● PROBLEM TO SOLVE:
Copy word for word the lines in the records below, starting at the line with "Cartoon Elephant Drawing" and ending at the line with "絞り染めの技法の一種で、折り". Skip the pictures.
--- DATA FOR PROCESSING Enclosed Below ---
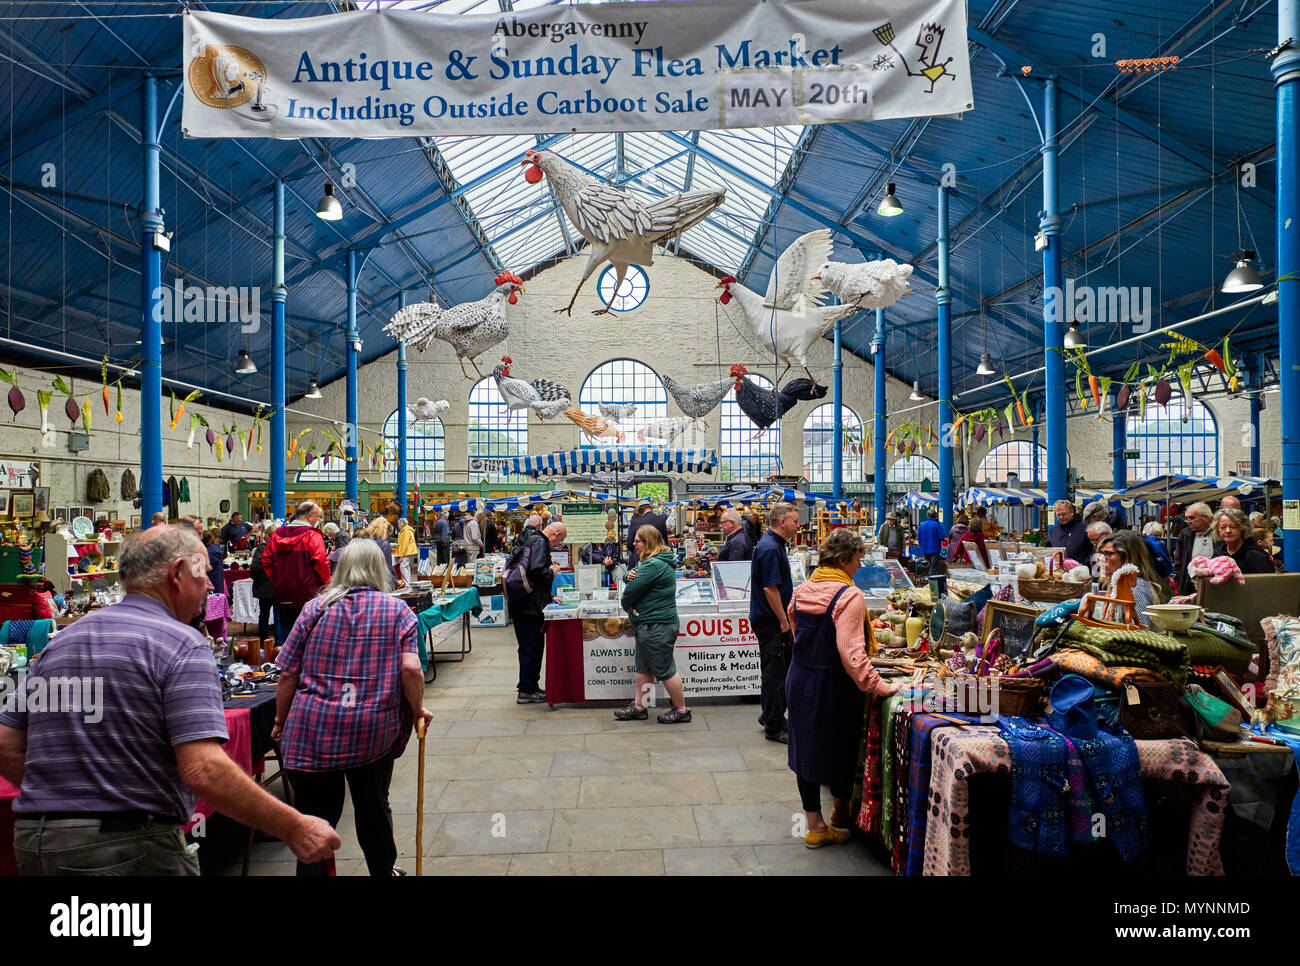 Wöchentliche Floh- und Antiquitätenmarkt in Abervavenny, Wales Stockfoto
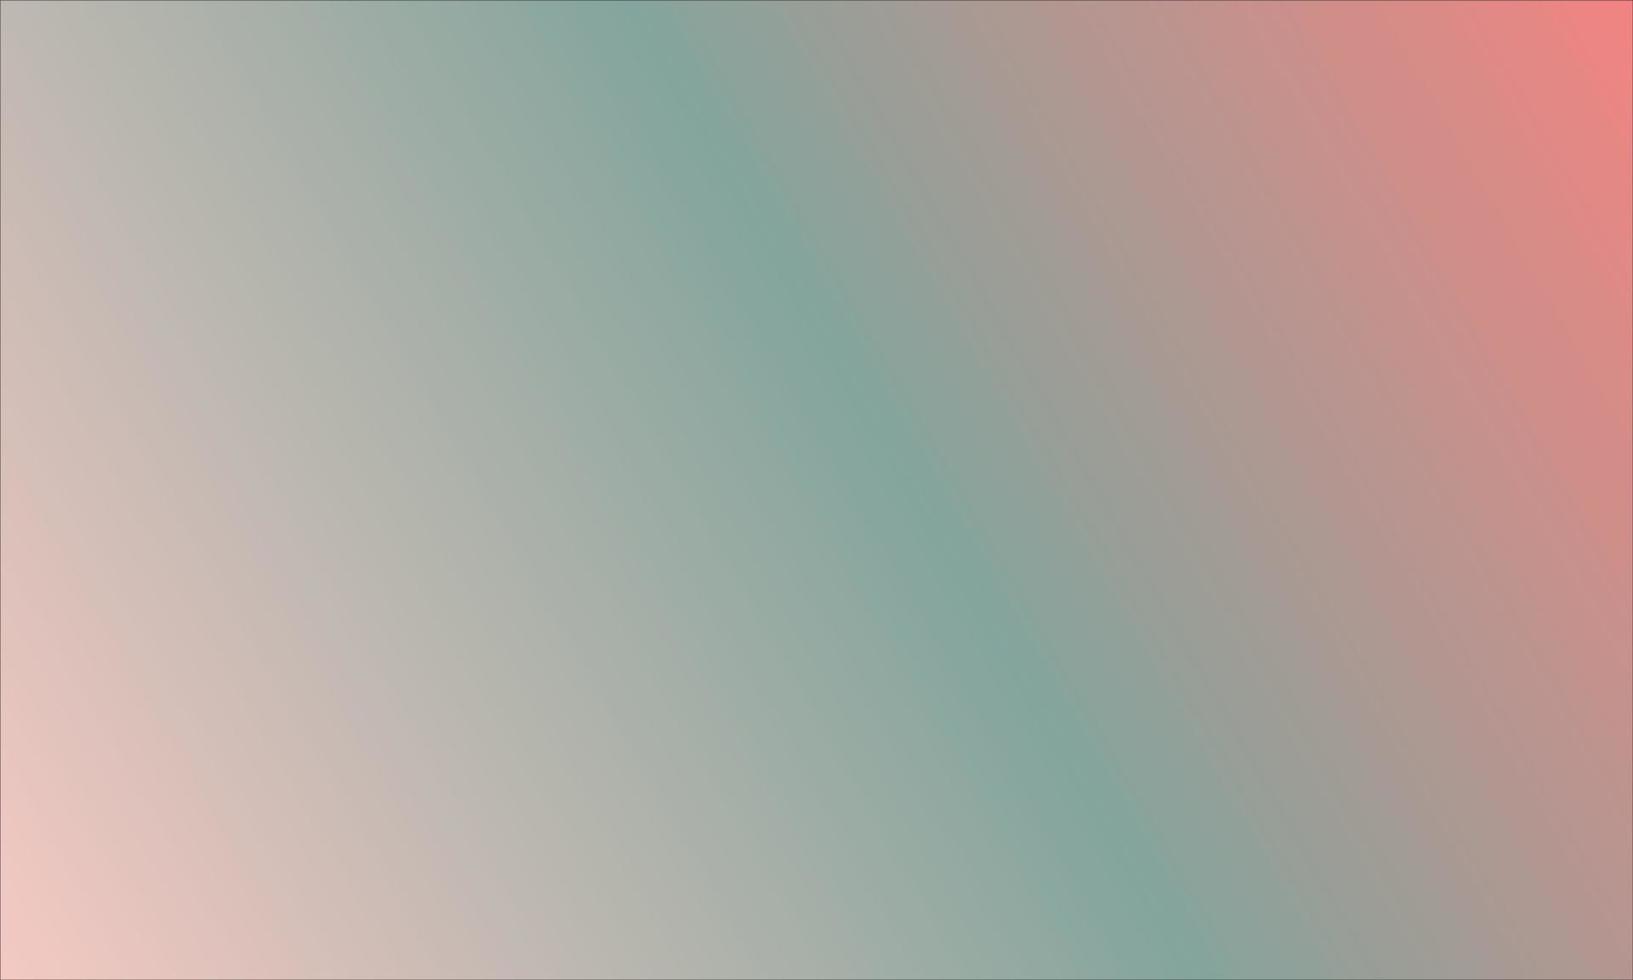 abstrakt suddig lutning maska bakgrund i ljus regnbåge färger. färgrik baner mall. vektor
--- End of Enclosed DATA FOR PROCESSING ---
--- DATA FOR PROCESSING Enclosed Below ---
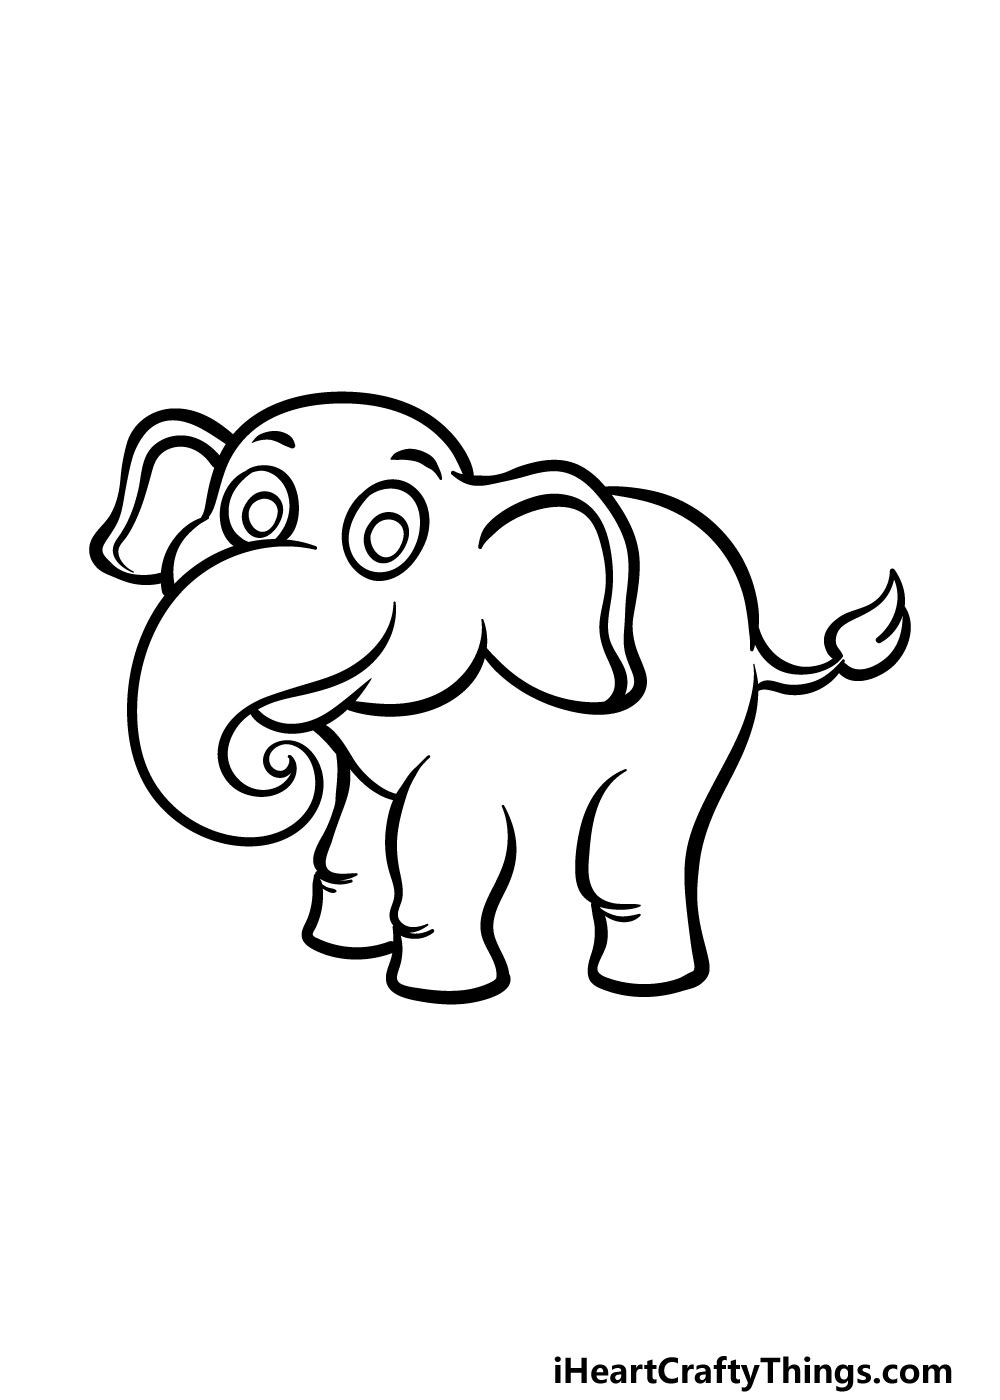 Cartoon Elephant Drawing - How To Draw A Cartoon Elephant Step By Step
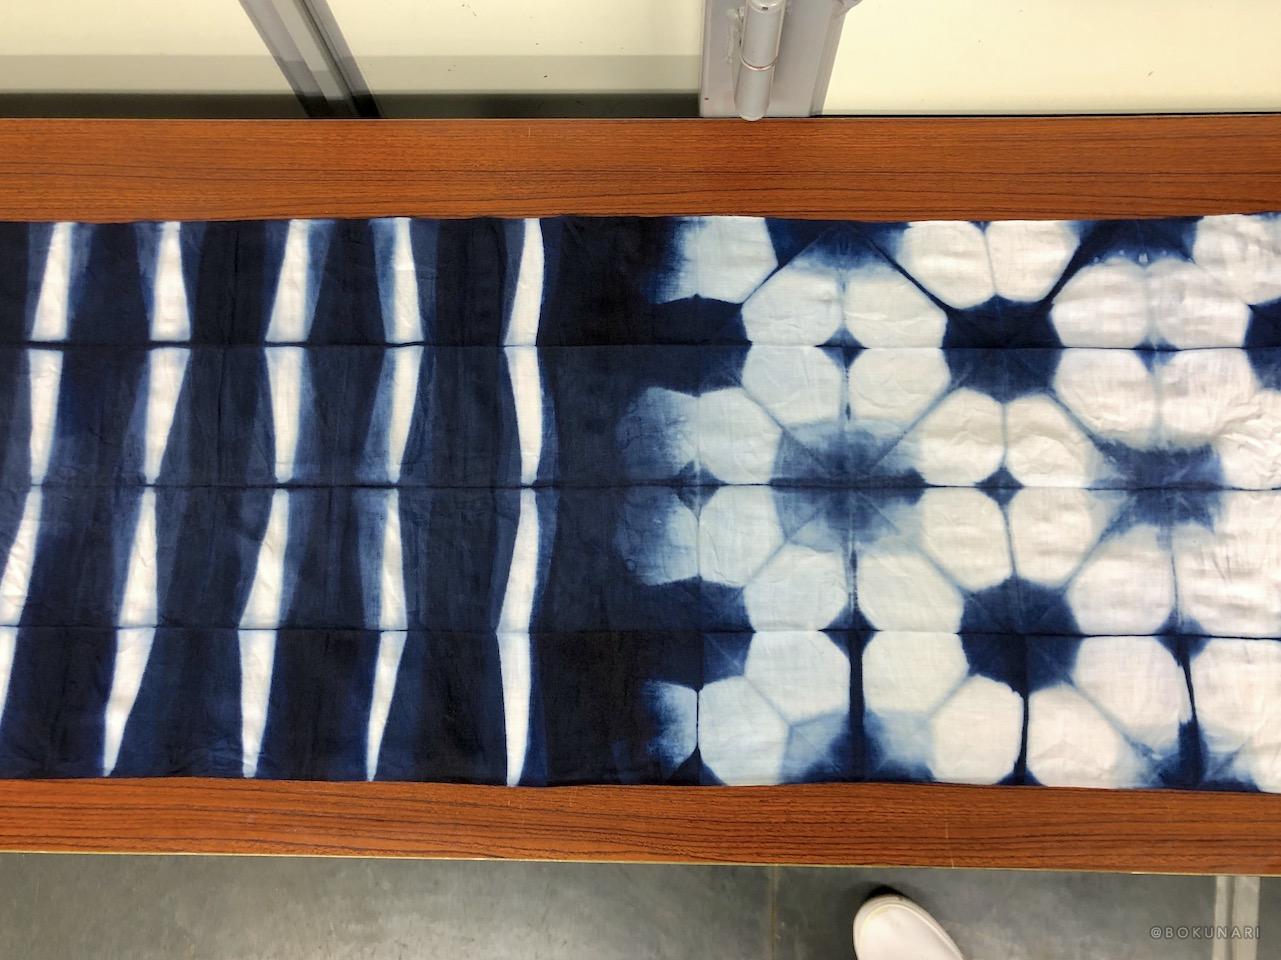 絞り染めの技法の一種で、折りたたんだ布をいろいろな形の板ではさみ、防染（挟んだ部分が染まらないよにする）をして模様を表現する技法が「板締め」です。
--- End of Enclosed DATA FOR PROCESSING ---
● EXPECTED OUTPUT:
 Cartoon Elephant Drawing - How To Draw A Cartoon Elephant Step By Step
 絞り染めの技法の一種で、折りたたんだ布をいろいろな形の板ではさみ、防染（挟んだ部分が染まらないよにする）をして模様を表現する技法が「板締め」です。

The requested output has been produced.